В свои шесть лет она не очень хорошо понимала заботы семьи, если дом, откуда приходила бабка, можно было назвать семьей.
Бабка содержала на свою пенсию непутевую дочь, Танечкину мать, нигде постоянно не работающую и не горящую желанием работать.
Ребенка у нее отобрали три года назад из-за тунеядства и аморального поведения и Танечка совсем слабо помнила комнату, где над дверью пузырились обои, где на потолке от протечки с верхнего этажа были причудливые желтые пятна и треснувшее оконное стекло, заклеенное медицинским пластырем, слегка дребезжало ночью, если был ветреный день.
На пыльном подоконнике всегда лежали две-три сохлых мухи, а за чугунной батареей Танечка некогда прятала фантики от съеденных тайком конфет.

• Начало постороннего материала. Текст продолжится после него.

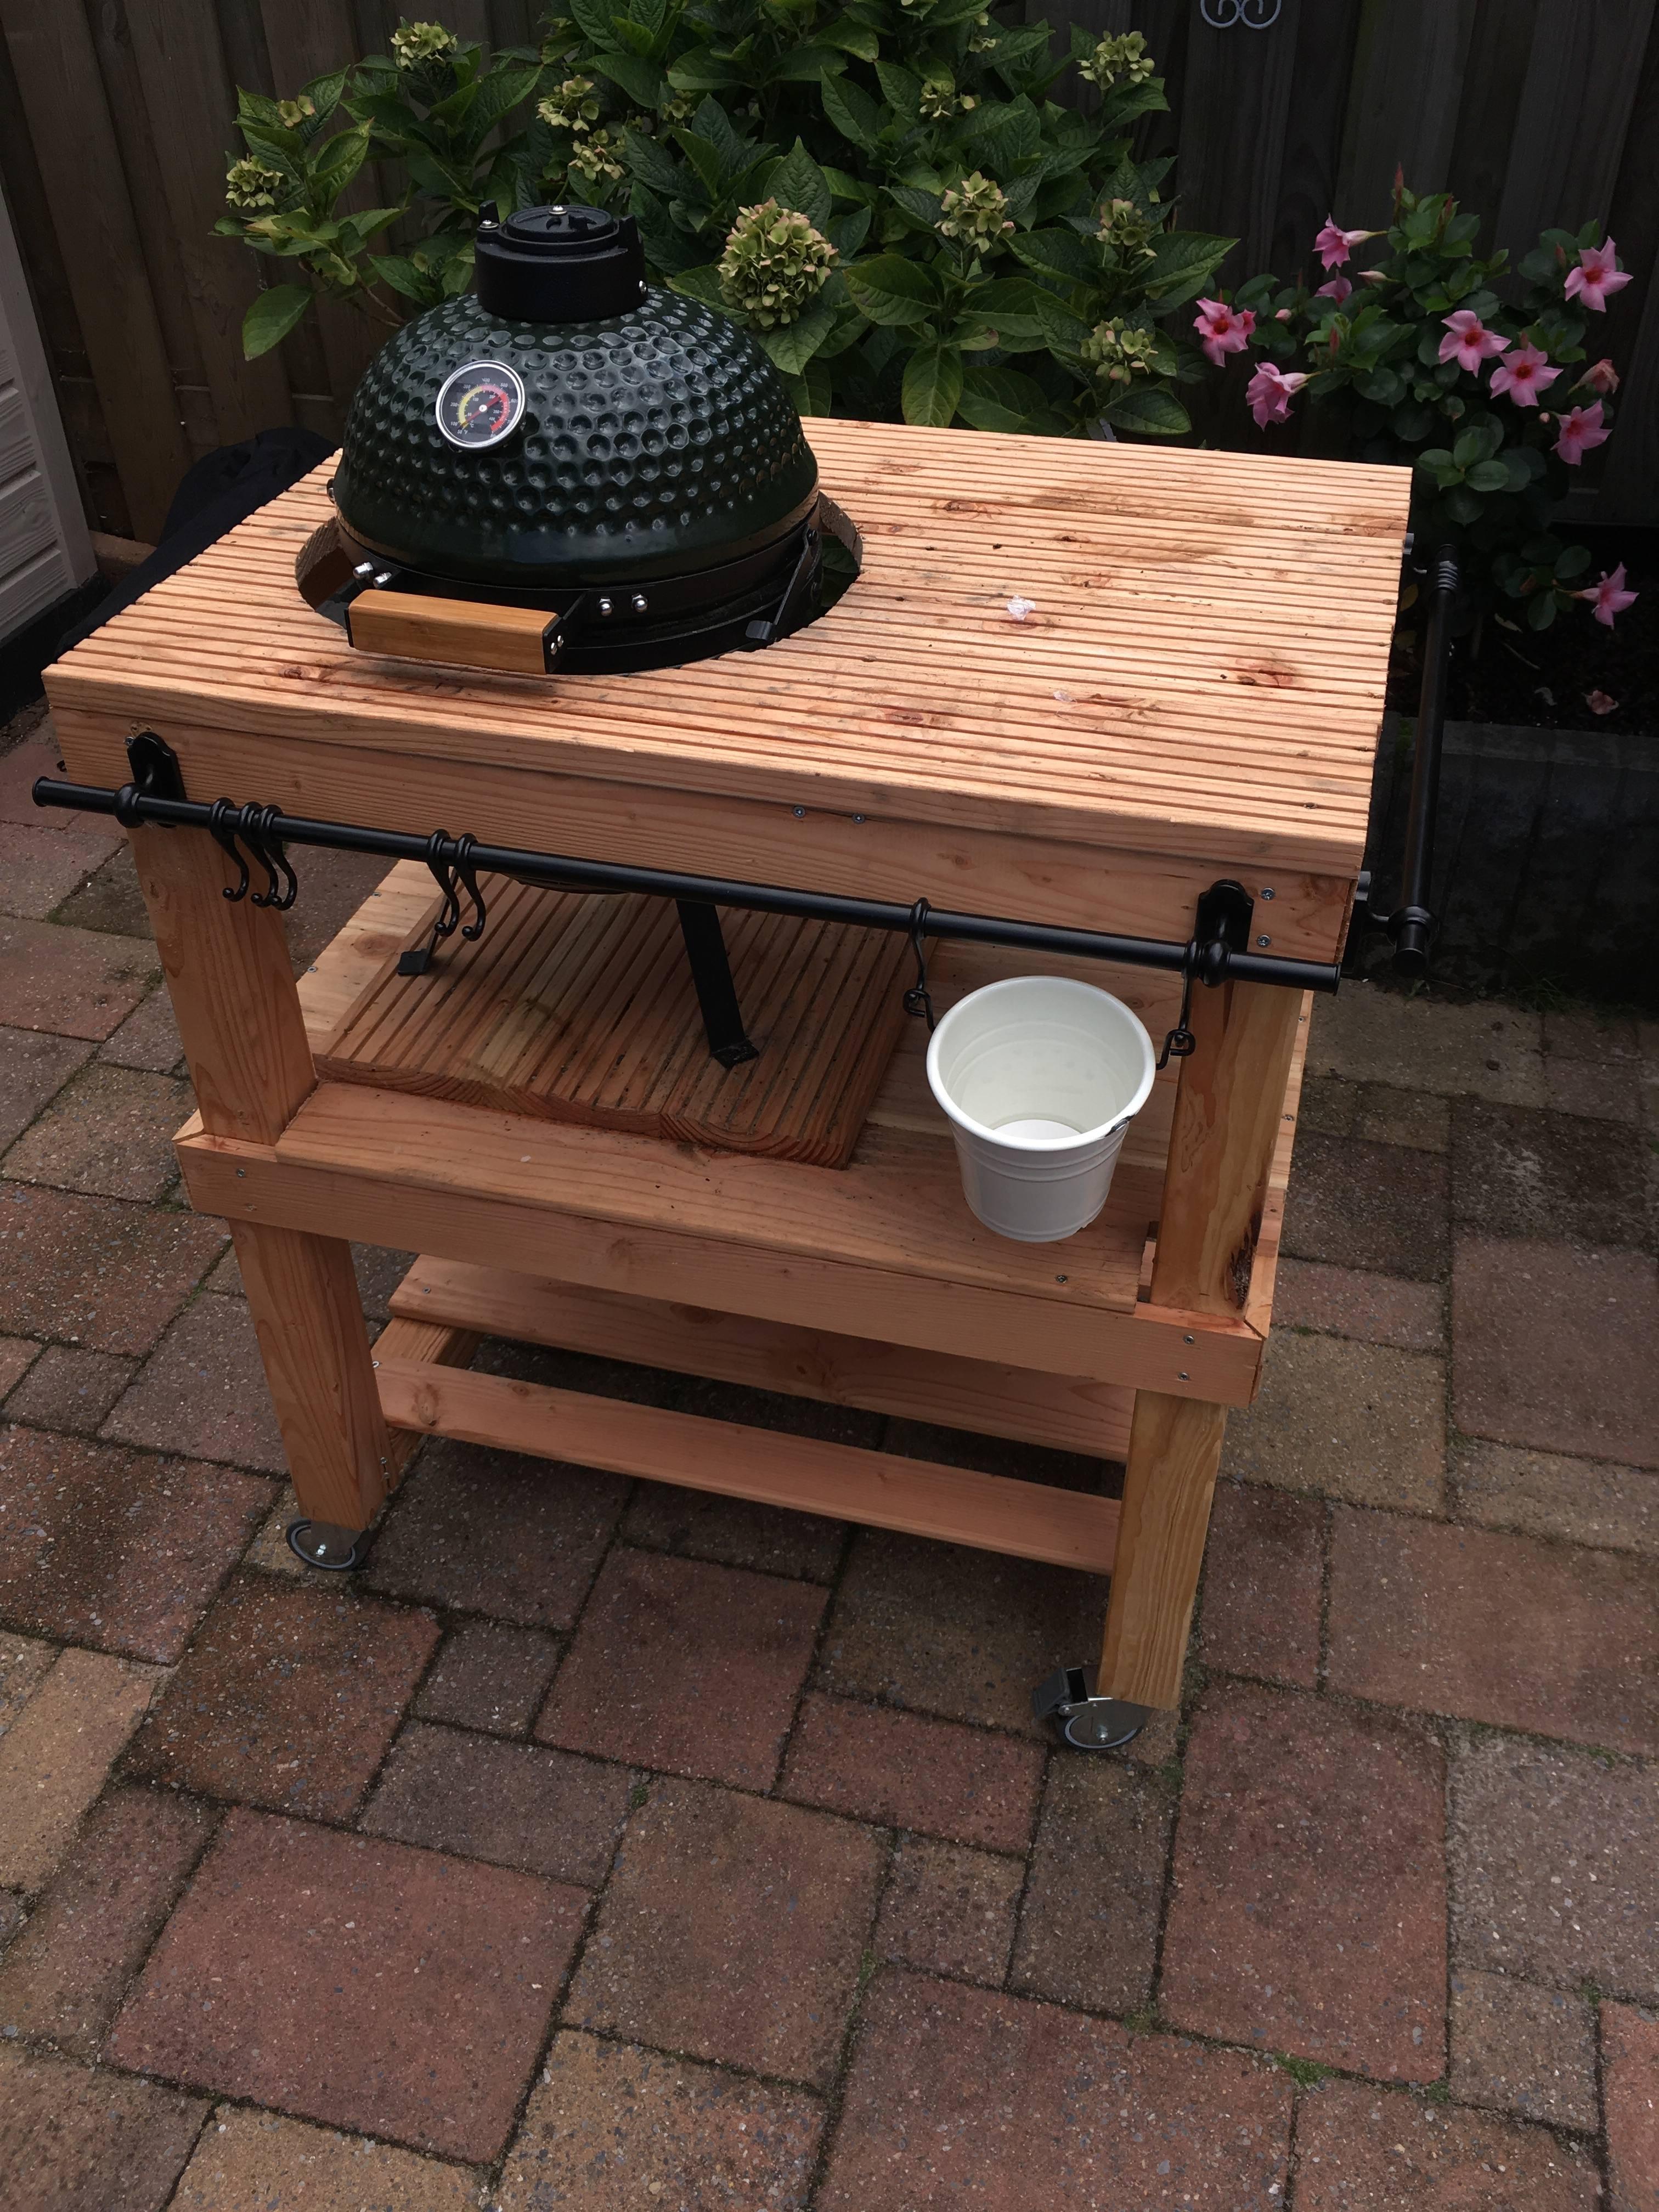 Bbq meubel kamado mini blokker for Bbq tafel maken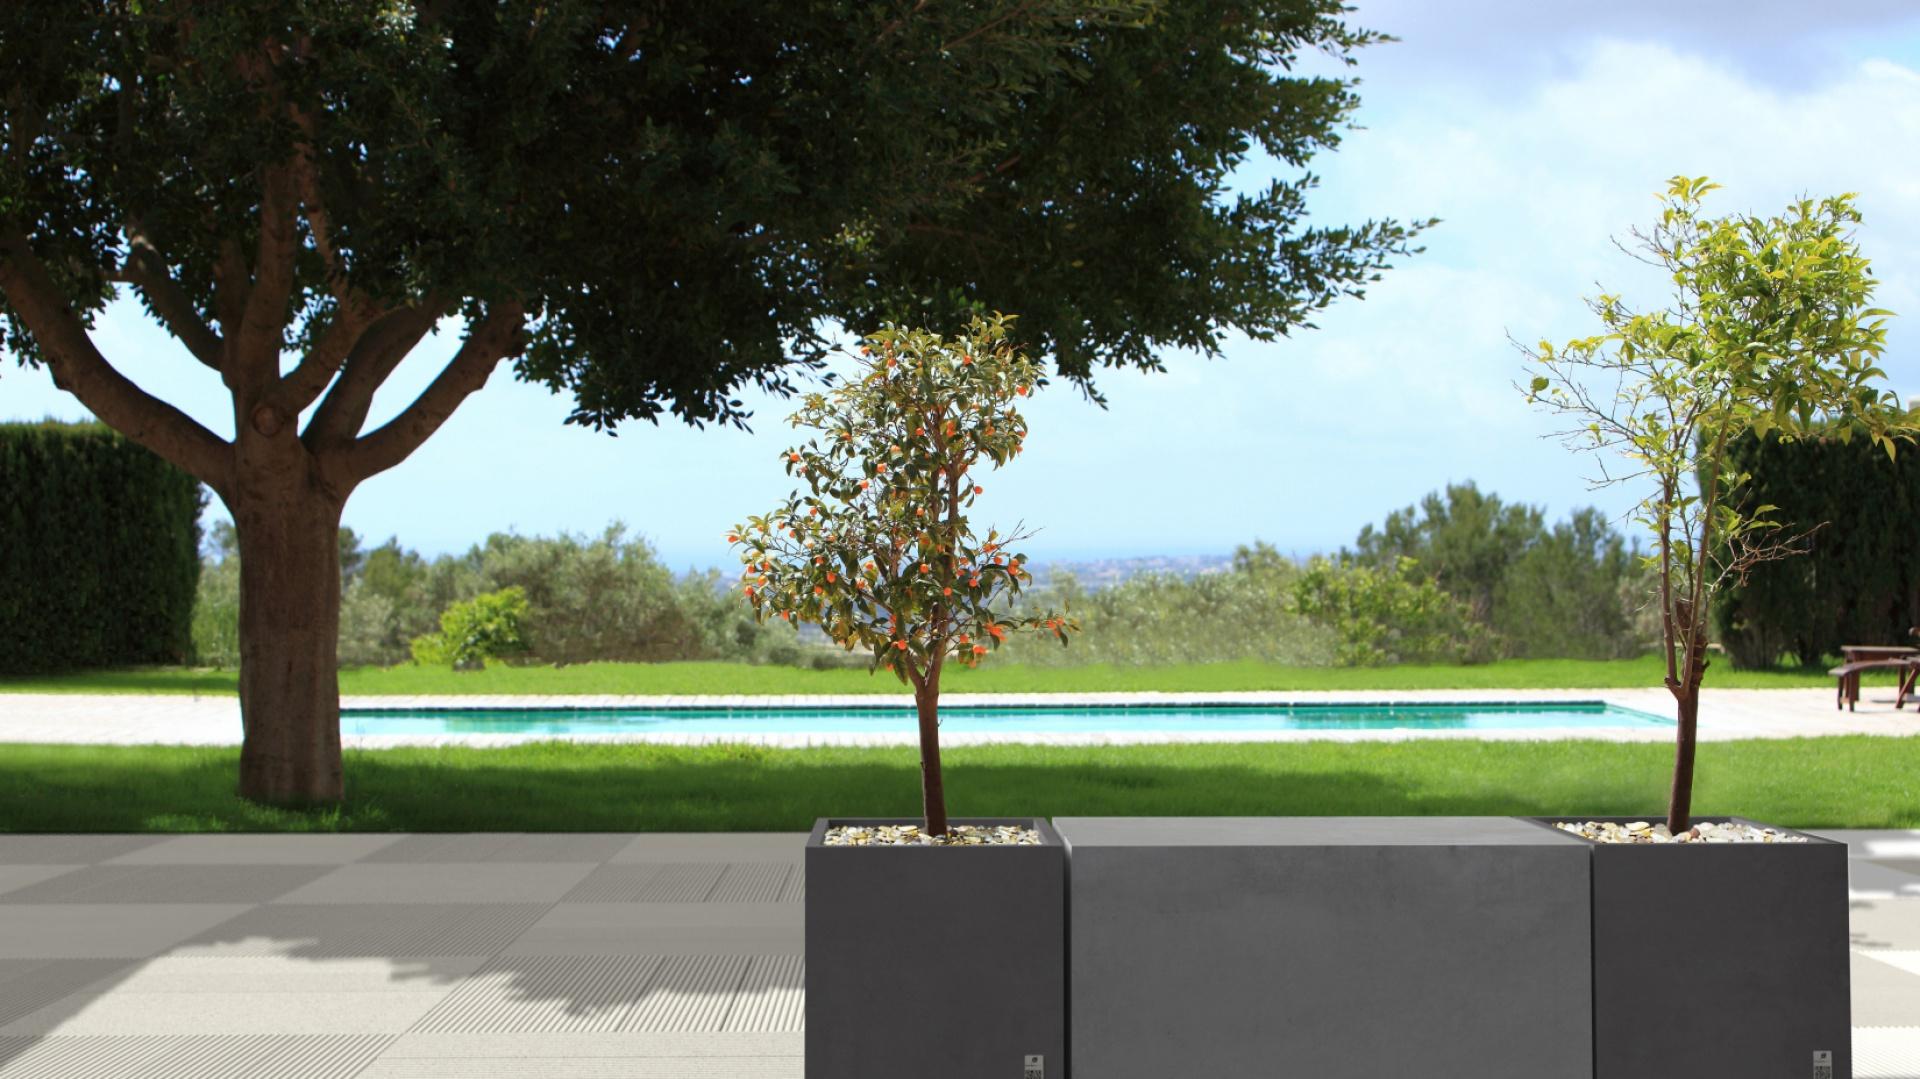 Nowoczesne nawierzchnie z betonu to materiał zarówno dla tych, którzy lubią rozwiązania minimalistyczne, jak i dla tych liczących na awangardowość. Zarówno proste, kubiczne kształty, jak i te bardziej skomplikowane, ale wciąż oscylujące wokół geometrii, pozwalają na kreowanie wielu wzorów– a to wszystko w ramach obowiązujących nowoczesnych trendów. Na zdjęciu: płyta Style, Donica Regular z podstawką, Box Regular, Modern Line.

В детском доме, куда определили Танечку, все блестело чистотой и попахивало хлоркой, как намек на то, что все натерто до блеска и дети растут в хороших условиях.
В средней группе была большая спальня, разделенная пополам занавеской с  веселенькими петушками - половина для девочек,  половина для мальчиков.
Утром занавеску сдвигали к стенке и мальчики шагали через половину девочек в общий для тех и для других туалет.
На ночь занавеску растягивали, тащили от стены к противоположной стене и она перегораживала спальню пополам.
Звуки она не поглощала; все, что делалось на мальчишеской половине было прекрасно слышно.
На половине мальчиков кроватей было больше и все они были заняты.
У девочек же, в их половине спальни стояло двенадцать кроватей и три из них пустовали.
Девять живущих в группе девочек не дружили между собой.
Отношения между ними варьировались от равнодушных  друг к другу до откровенно враждебных.
У мальчишек все было проще, они выясняли отношения на кулаках и дня не проходило, чтобы кто-то не тузил кого - то.
Подравшись, парни могли после ходить в обнимку и были вполне довольны компромиссом.
Да это и было понятно, свои отношения мальчишки из группы сами характеризовали так: "Киря и Миха друзья навек!", "Вован и Дрон - кореша!"
Девочки не награждали друг друга кликухами, они называли соседок, обычно, по фамилиям и в таком обращении сквозило раздражение и досада, а порой, и ненависть друг к дружке.
 Причем, по пустякам.
Каждая считала себя несправедливо обиженной самою жизнью и недоумевала по поводу своего пребывания здесь, а про соседок по спальне думала, что в детдоме им самое место.
"Я тебя ненавижу, Димакова!"- кричала Юлька Чепрасова, у которой в детдоме было две сестры и три брата.
"Да сдохни ты, Чепрасова, надоела до смерти!" - ощеривалась в ответ Ленка Димакова, чья жизнь вовсе не была слаще - мать пырнула ножом  отца в пьяной драке, а старшая сестра не захотела возиться с младшей, пока мать отсиживала по статье, так вот Ленка Димакова и  оказалась в детдоме.
Словом, всем обитателям детского дома детство выпало неспокойное.
Они сидели на ковре и маленьких стульчиках у цветного телевизора и недоумевали, глядя на холеных и нарядных мальчиков и девочек из телерекламы, когда нехитрые коммерческие сюжеты показывали парадные стороны жизни - как семья, состоящая  из красивой мамы, элегантного папы и обязательно двух детей - мальчика и девочки, дружно катили в отпуск на собственной машине или сидели на зеленой лужайке на пикнике с вкусными бутербродами в руках, а рядом носилась счастливая собака и голос за кадром вещал: "Черкизово - всегда высокое качество!"
Танечка не понимала, что такое Черкизово.
 Ей казалось, что это какое-то лучшее место на земле, где все становятся счастливыми, где бывают молодые красивые мамы, сильные улыбчивые папы, где бабушки и дедушки, сверкая белоснежными зубами, колесят на велосипедах и везут своим внукам на багажнике плетеные корзинки полные сникерсов.
И еще ее очень интересовало, как найти дорогу в такое Черкизово.
И как только она погружалась в эти мысли, голос няньки возвращал ее на ковер в средней группе: "Все, гасим телевизор! Гасим, кому сказала! Умываться и спать!"
И все понуро разбредались по группе, растаскивая по стенам стулья и плелись в умывальник.
"Собес!" - с досадой бурчала себе под нос Димакова, имея в виду детдомовский быт, так непохожий на картинку из телевизора.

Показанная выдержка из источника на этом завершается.